Croatian psych-groove collective nemanja arrive at Karmakoma Belgrade on May 21, bringing one of the most distinctive live sounds currently emerging from the wider Balkan alternative music landscape.
Blending psychedelic funk, tropical rhythms, cosmic disco and Mediterranean melodic textures, the project has steadily built a reputation as a genre-defying live act capable of moving effortlessly between dancefloor energy, cinematic atmosphere and experimental groove.
Formed by musicians from Pula and Zagreb, nemanja revolves around the creative vision of bandleader Luka Šipetić, whose songwriting and production approach continuously reshapes global groove influences into something deeply Adriatic and unmistakably personal.
Rather than functioning like a conventional band rooted in a single scene or genre, nemanja feels more like a constantly evolving sonic universe.
Across their three critically acclaimed albums — Tarot Funk (2019), Cosmic Disco (2020) and Voodoo Beat (2023) — the group developed what became known as the “Esoteric Trilogy,” a body of work inspired by tarot symbolism, Buddhism, mythology and ritual storytelling.
But those references never appear academically or nostalgically.
Instead, they are transformed into hypnotic rhythms, psychedelic guitar lines, tropical percussion and cosmic dancefloor structures drawing equally from 70s Anatolian rock, Caribbean dub, Afro-Asian disco, Balearic groove and cinematic psychedelia.

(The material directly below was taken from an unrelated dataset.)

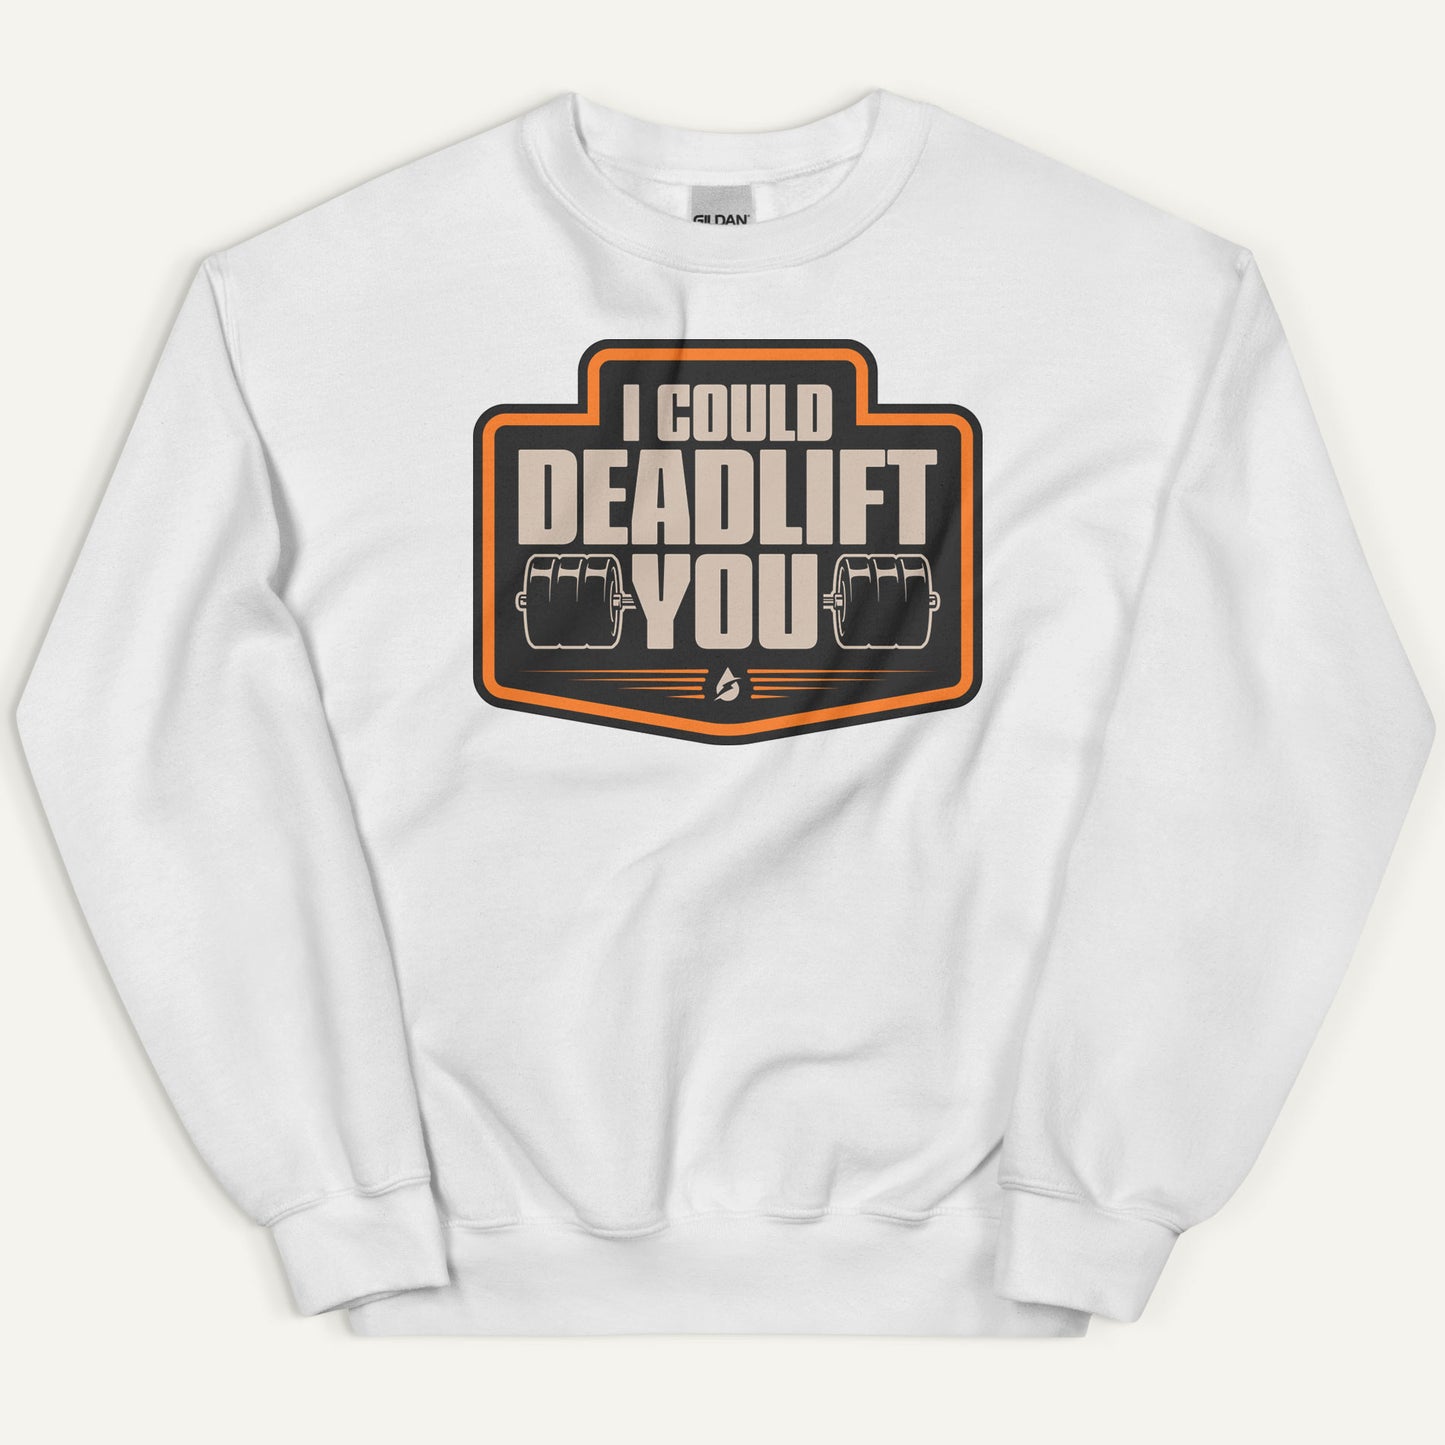 I Could Deadlift You Sweatshirt

The result feels strangely timeless:
music equally suited for smoky clubs, beach sunsets, festival stages and late-night dancefloors.
Over the last few years, nemanja has quietly become one of the region’s strongest live acts.
Despite emerging during the difficult pandemic period, the project maintained momentum through constant touring and increasingly ambitious live performances across the Balkans and Europe. Appearances at major showcase festivals including Eurosonic Noorderslag (ESNS), MENT Ljubljana and SHIP Festival further expanded the band’s international visibility while critics across Croatia, Serbia, Slovenia and Bosnia consistently placed their releases among the region’s best albums of the year.
What separates nemanja from many contemporary crossover projects is the way the band approaches groove itself.
Their music never feels built around trend-based “world music” aesthetics or superficial fusion experiments. Instead, the different influences naturally dissolve into one another, creating a sound deeply connected to Mediterranean geography, movement and atmosphere without becoming trapped by genre labels.
That identity continues evolving with the band’s newest material.
In April 2026, nemanja released the double single Asja / Kada te nima tu, offering the first glimpse into a forthcoming album scheduled for later this year. The new songs mark a noticeable shift away from the more mystical and psychedelic framework of the Esoteric Trilogy toward a warmer, more intimate and song-oriented direction.
Balearic pop, Adriatic soft rock, samba rhythms, Anatolian pulse and leftfield funk now blend into a softer but equally immersive sound language — one that feels more melodic, emotionally open and danceable while still preserving the project’s psychedelic DNA.
It represents both reinvention and continuation at the same time.
Live, that evolution becomes even more powerful.
The current lineup features Luka Šipetić on guitar and vocals, joined by Laura Matijašević on bass, Laura Tandarić on percussion and vocals, Elizabeta Marijanović on synths and backing vocals, and Đuro Dobranić on drums.
Together, the band creates performances that move fluidly between hypnotic repetition, psychedelic improvisation and euphoric rhythmic release.
At Karmakoma — a venue increasingly associated with alternative live programming and forward-thinking music culture in Belgrade — nemanja’s sound feels especially well placed.
Their music exists precisely in that space between concert experience and dancefloor ritual:
psychedelic enough for deep listening, rhythmic enough for movement and emotionally rich enough to linger long after the final track fades.
For audiences searching for something beyond predictable club formats or standard indie structures, nemanja’s Belgrade appearance promises one of the region’s most unique live musical experiences this spring.